Collection entries
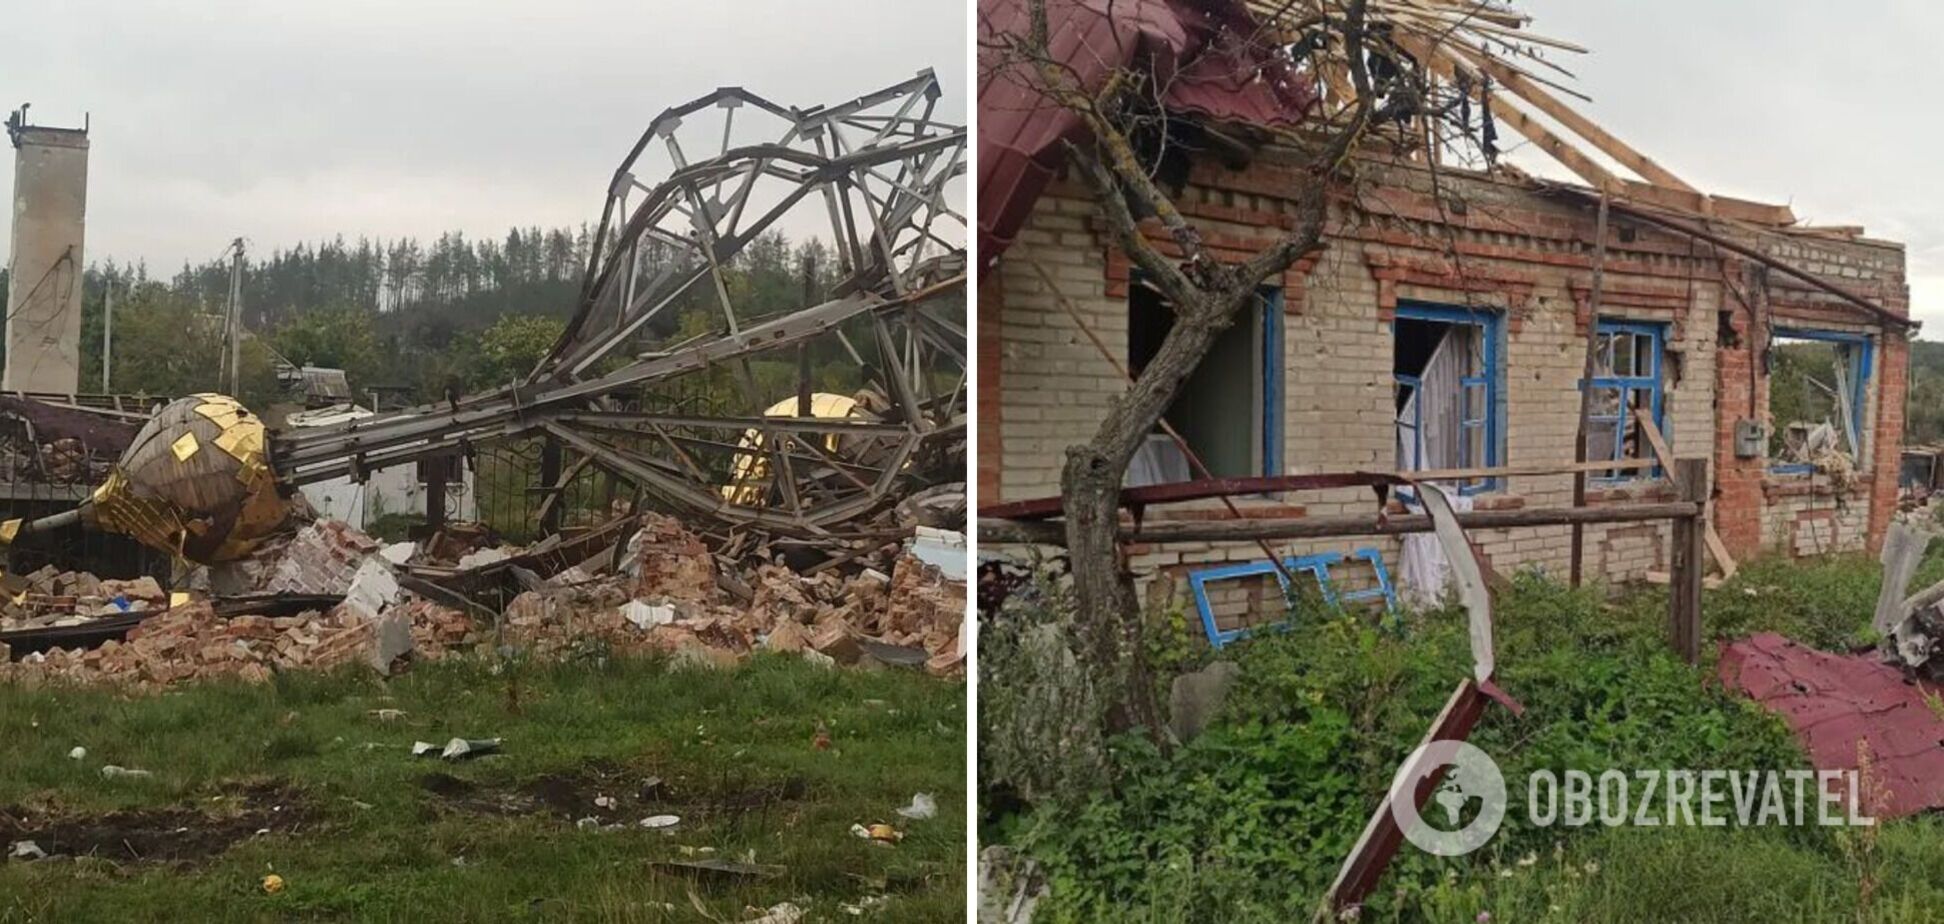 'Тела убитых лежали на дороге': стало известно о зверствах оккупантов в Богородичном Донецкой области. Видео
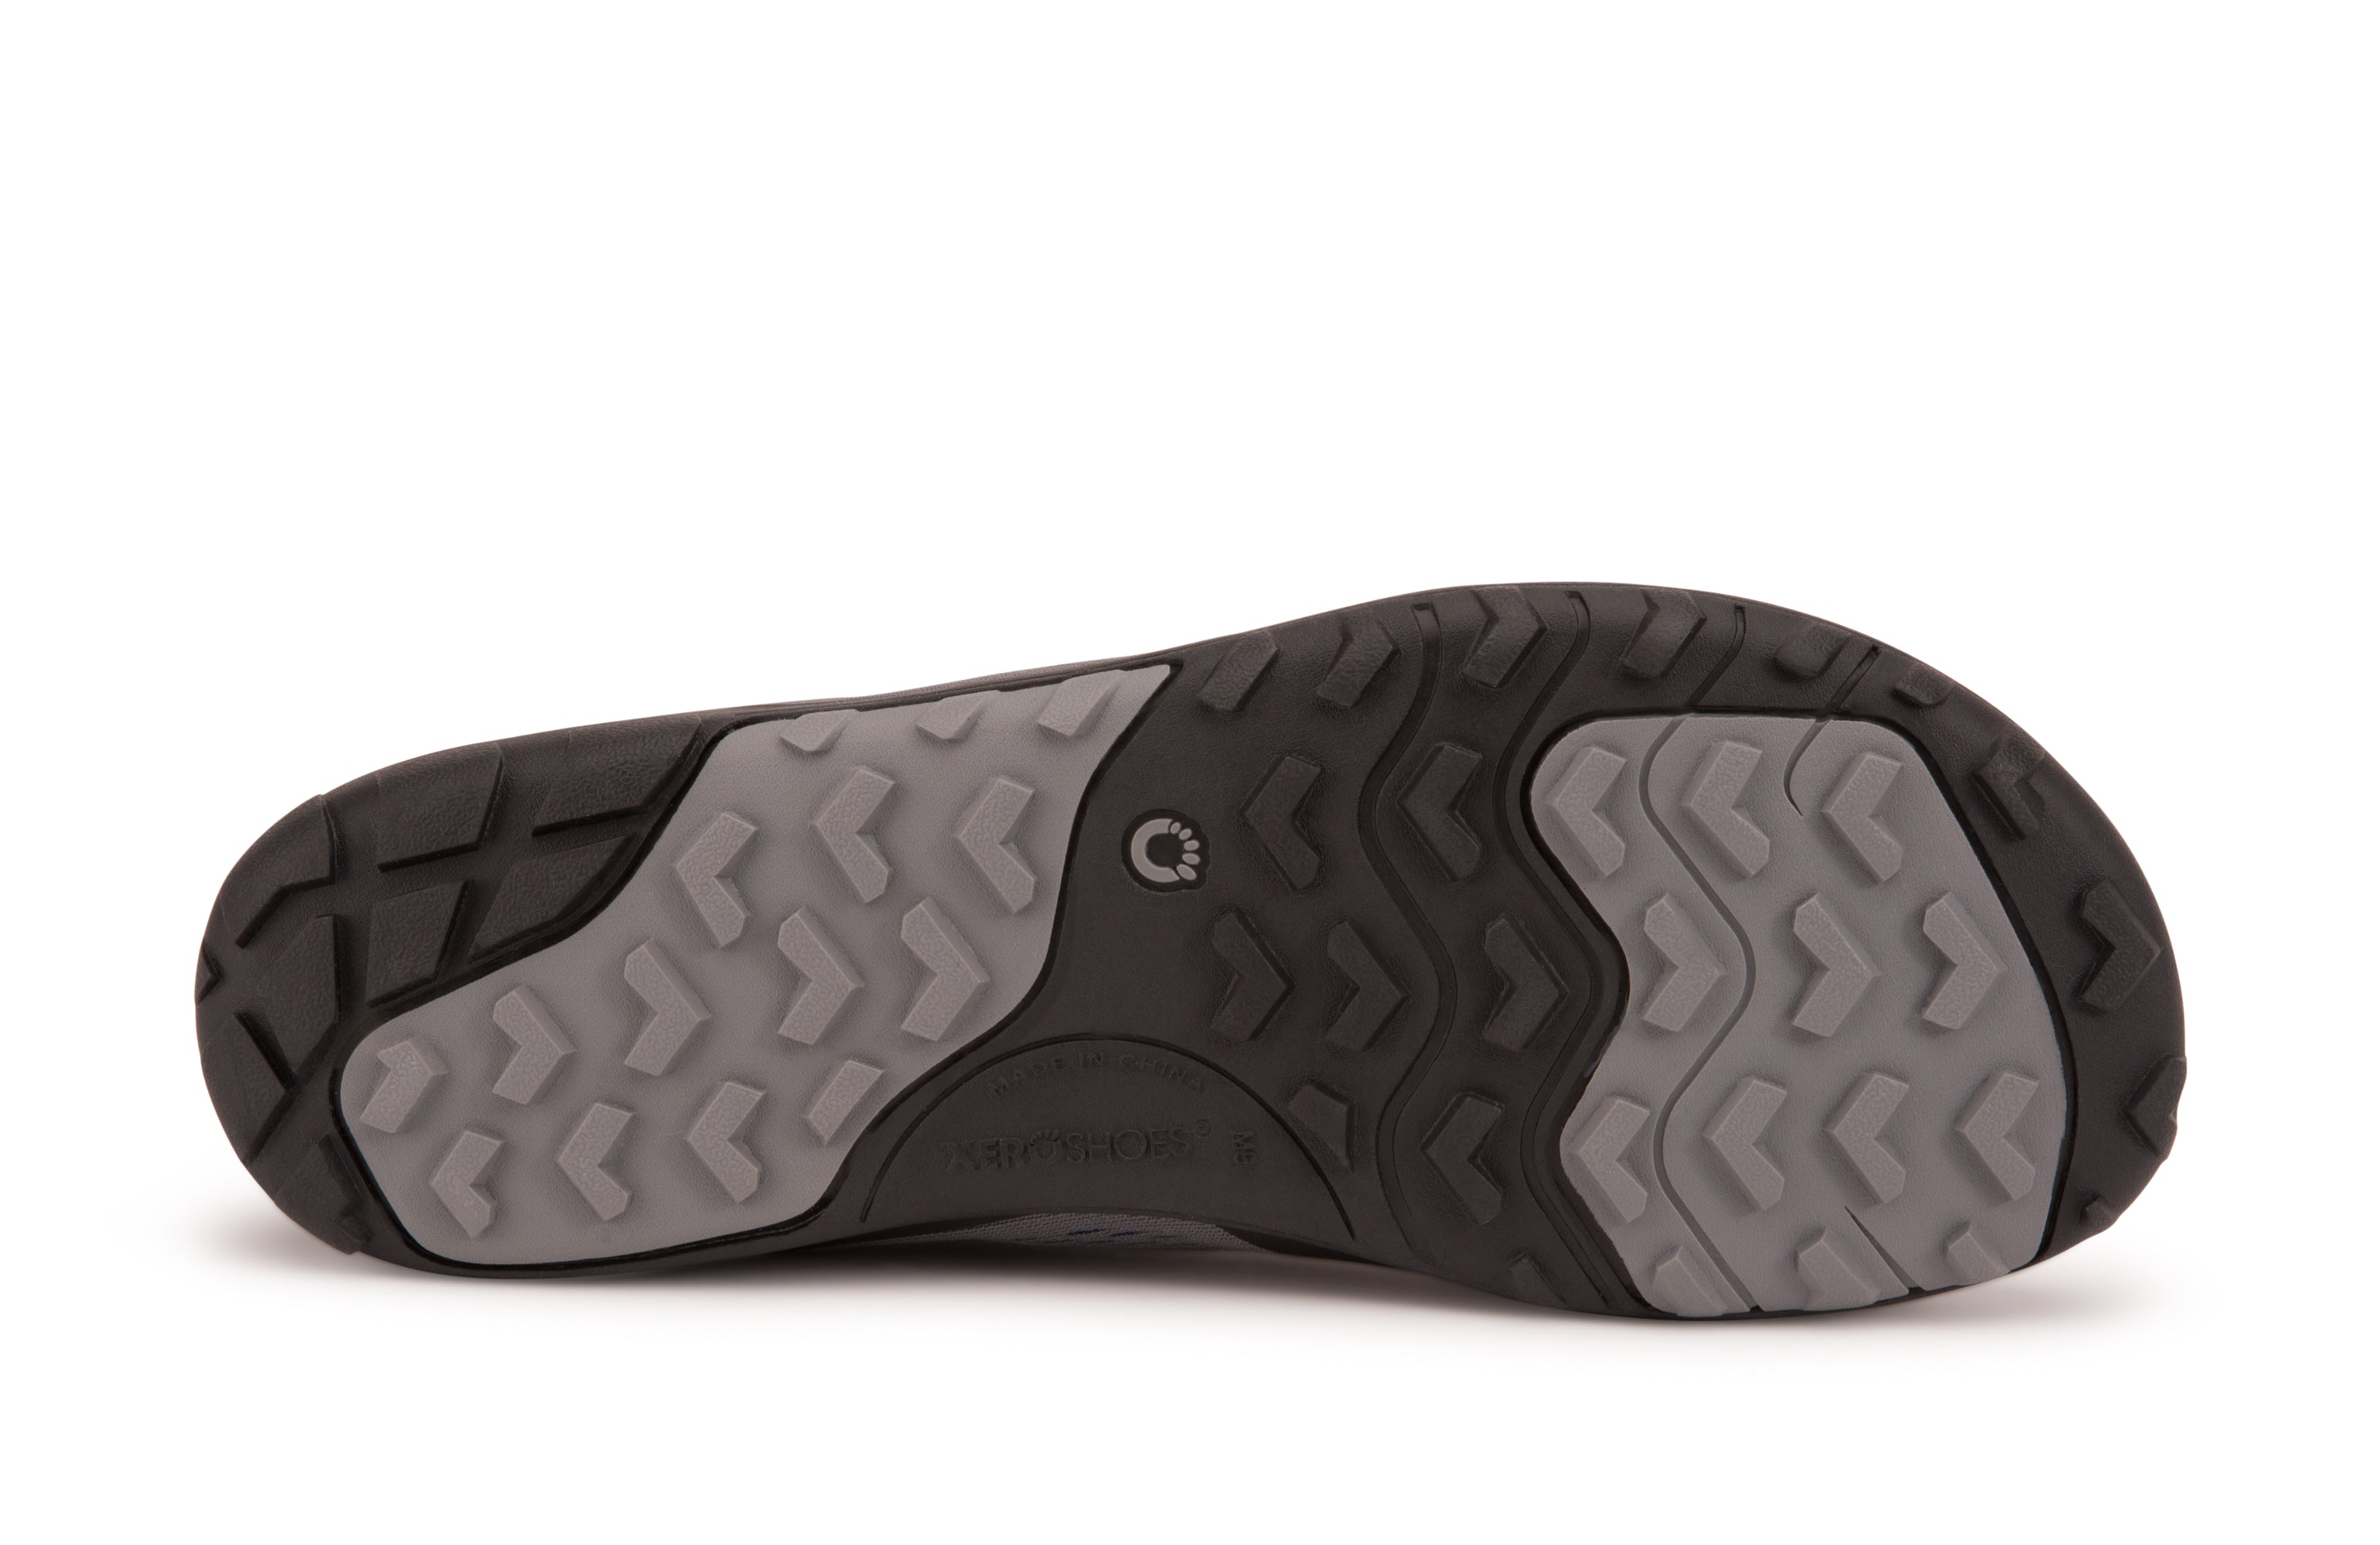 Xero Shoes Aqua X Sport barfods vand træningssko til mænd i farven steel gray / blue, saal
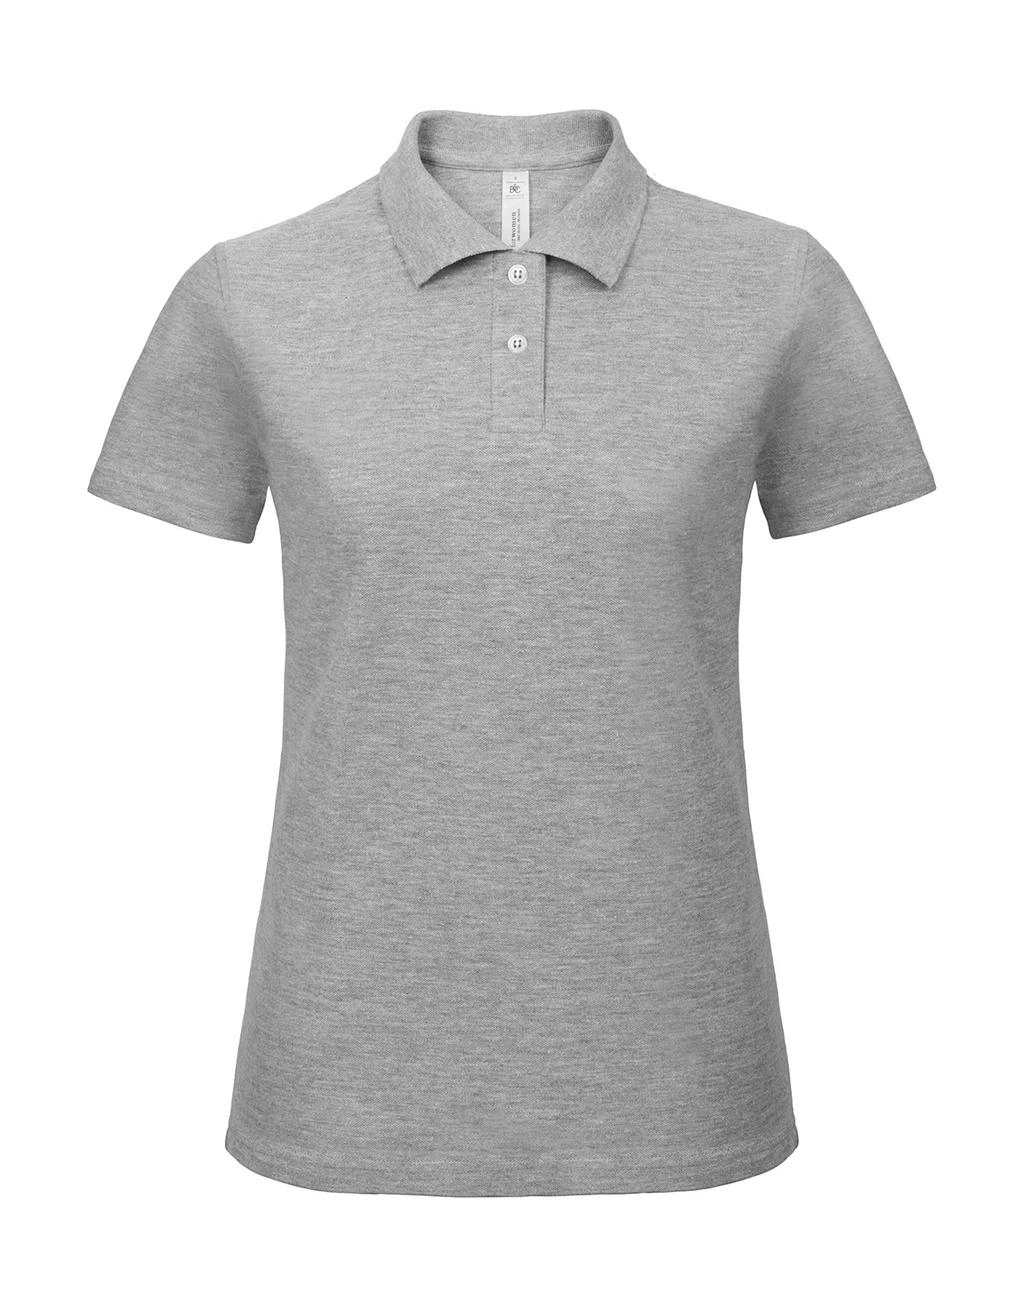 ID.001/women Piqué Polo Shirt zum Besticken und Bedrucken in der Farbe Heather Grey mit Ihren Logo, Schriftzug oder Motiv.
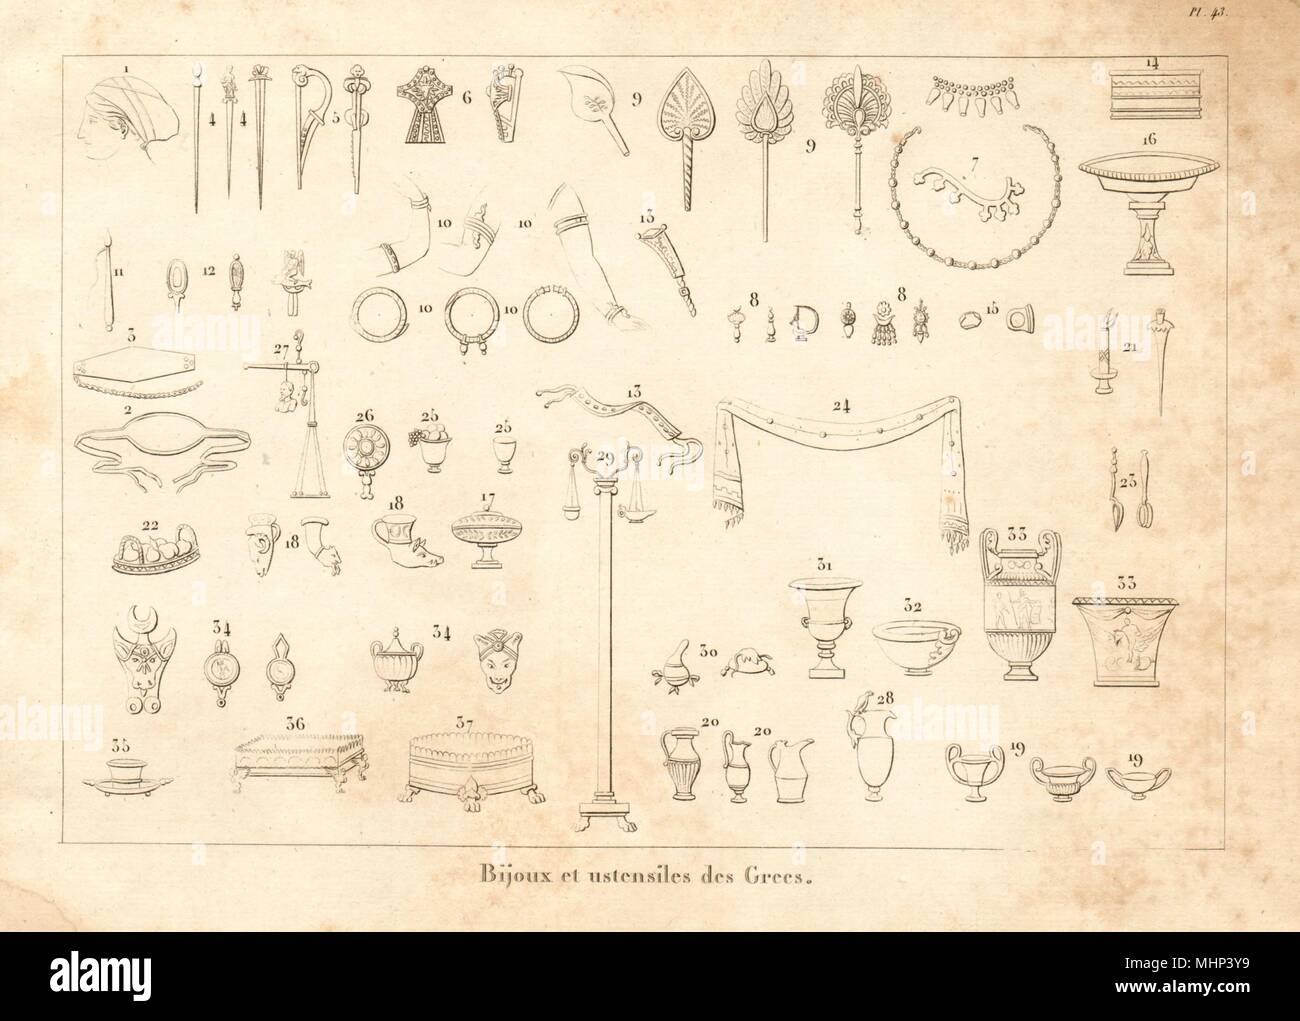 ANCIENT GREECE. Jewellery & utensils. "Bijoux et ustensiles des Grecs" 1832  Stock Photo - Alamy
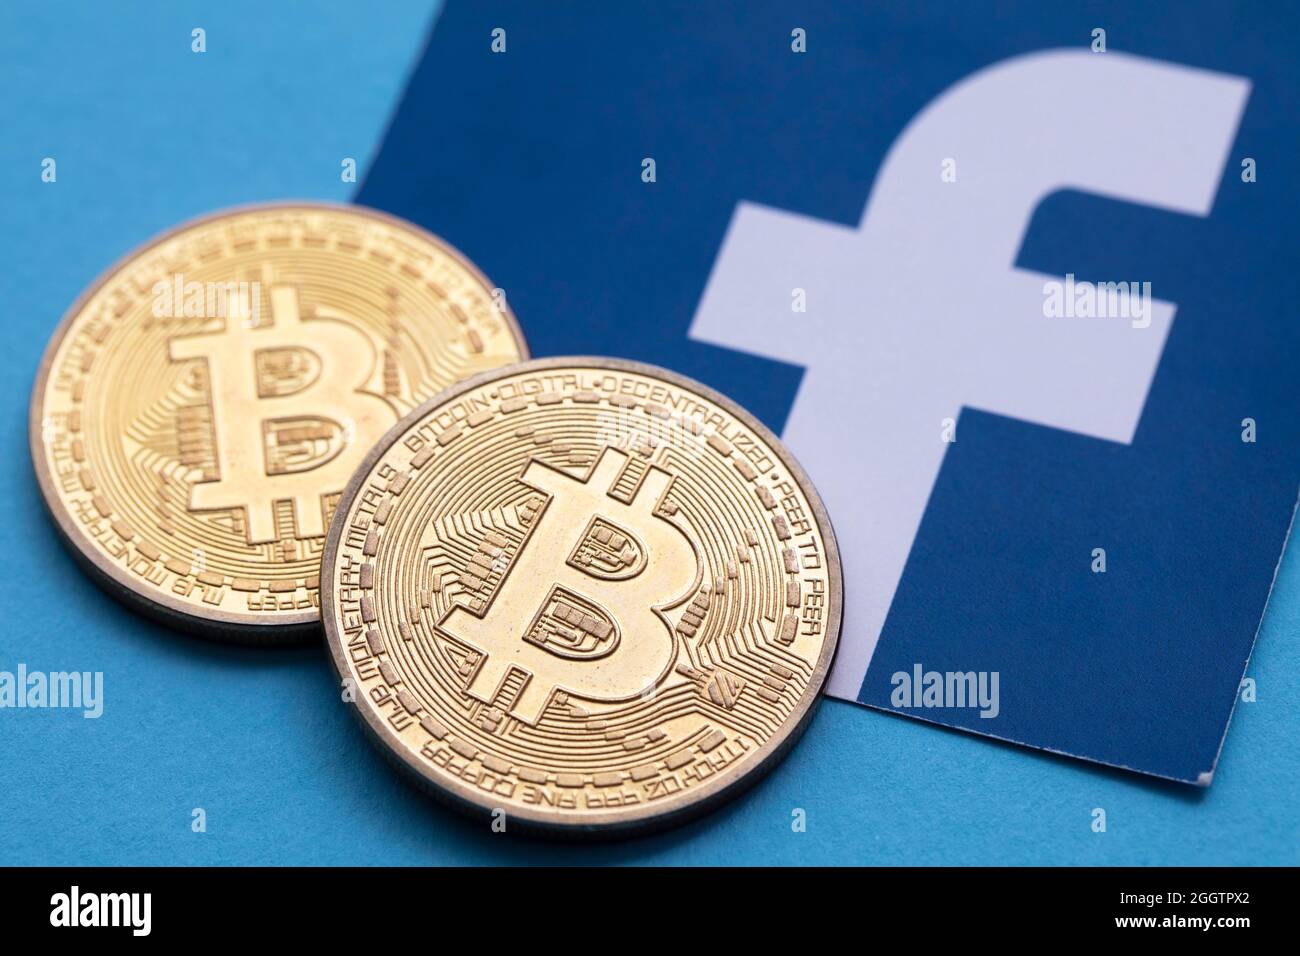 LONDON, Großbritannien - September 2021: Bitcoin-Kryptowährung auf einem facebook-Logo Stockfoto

*Work to complete:*
From the line with "ID.001/women Piqué Polo" up to and including the line with "ANCIENT GREECE. Jewellery" above, retype every line exactly and nothing more; leave out the pictures.

*Answer box:*
 ID.001/women Piqué Polo Shirt zum Besticken und Bedrucken in der Farbe Heather Grey mit Ihren Logo, Schriftzug oder Motiv.
 ANCIENT GREECE. Jewellery & utensils. "Bijoux et ustensiles des Grecs" 1832  Stock Photo - Alamy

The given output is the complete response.